=== Section Start ===
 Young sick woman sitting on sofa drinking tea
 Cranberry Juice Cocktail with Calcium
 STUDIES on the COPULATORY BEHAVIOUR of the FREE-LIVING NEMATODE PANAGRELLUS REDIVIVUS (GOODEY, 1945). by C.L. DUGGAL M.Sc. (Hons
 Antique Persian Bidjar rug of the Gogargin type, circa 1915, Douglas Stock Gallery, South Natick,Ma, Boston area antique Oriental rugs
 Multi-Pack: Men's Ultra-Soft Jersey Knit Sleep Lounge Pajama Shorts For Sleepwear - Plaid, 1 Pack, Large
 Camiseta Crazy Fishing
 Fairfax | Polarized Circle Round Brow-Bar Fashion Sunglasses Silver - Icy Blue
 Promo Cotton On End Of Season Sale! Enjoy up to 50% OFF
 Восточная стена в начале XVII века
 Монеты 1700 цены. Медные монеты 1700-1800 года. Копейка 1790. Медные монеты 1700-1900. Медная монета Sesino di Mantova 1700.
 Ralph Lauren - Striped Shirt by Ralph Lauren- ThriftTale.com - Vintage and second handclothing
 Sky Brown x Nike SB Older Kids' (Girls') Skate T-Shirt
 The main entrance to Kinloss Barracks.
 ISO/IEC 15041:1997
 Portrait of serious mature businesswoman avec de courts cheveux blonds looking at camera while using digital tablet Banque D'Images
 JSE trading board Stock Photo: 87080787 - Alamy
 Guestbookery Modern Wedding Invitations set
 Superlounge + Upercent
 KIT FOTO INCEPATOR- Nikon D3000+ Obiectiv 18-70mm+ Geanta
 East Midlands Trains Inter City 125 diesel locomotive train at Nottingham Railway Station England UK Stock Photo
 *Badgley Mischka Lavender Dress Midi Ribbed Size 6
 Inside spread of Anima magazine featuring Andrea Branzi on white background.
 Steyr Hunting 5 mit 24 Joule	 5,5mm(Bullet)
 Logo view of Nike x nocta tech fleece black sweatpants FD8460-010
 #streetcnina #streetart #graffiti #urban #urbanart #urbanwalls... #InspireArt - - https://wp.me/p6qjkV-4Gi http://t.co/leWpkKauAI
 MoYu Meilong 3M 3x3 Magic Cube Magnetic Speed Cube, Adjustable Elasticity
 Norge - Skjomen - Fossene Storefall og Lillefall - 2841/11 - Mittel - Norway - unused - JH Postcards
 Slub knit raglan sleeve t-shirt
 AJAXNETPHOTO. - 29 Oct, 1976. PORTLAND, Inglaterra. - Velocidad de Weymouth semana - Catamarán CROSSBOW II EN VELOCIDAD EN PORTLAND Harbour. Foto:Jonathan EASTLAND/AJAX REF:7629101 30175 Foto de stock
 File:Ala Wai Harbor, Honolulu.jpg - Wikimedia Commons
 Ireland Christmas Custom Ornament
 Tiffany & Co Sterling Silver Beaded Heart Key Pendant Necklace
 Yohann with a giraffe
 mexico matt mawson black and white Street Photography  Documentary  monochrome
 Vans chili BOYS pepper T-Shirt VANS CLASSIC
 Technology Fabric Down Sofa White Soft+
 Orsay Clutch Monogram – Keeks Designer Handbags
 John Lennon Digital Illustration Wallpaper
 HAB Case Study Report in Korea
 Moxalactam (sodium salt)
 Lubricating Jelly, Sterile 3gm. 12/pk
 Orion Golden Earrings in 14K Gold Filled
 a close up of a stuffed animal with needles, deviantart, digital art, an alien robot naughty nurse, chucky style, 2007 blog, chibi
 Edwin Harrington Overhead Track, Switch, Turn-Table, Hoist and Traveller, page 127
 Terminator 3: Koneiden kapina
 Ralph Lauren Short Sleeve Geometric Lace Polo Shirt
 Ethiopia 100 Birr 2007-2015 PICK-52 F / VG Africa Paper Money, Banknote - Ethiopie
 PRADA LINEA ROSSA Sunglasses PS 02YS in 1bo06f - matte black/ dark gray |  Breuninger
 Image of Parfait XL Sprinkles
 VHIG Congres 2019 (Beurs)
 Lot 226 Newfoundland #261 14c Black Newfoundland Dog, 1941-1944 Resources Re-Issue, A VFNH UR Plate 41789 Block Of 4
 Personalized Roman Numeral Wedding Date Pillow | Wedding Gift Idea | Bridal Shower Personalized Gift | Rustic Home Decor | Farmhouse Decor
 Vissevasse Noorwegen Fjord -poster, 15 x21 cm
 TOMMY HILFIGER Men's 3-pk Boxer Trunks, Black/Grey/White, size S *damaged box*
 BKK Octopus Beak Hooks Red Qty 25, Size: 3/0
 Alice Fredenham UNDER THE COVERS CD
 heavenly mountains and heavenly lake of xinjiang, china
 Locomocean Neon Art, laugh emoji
=== Section End ===
> **What to produce**:
Working through the data above, find every line holding "Wedding" and copy it.

> **Your response**:
 Guestbookery Modern Wedding Invitations set
 Personalized Roman Numeral Wedding Date Pillow | Wedding Gift Idea | Bridal Shower Personalized Gift | Rustic Home Decor | Farmhouse Decor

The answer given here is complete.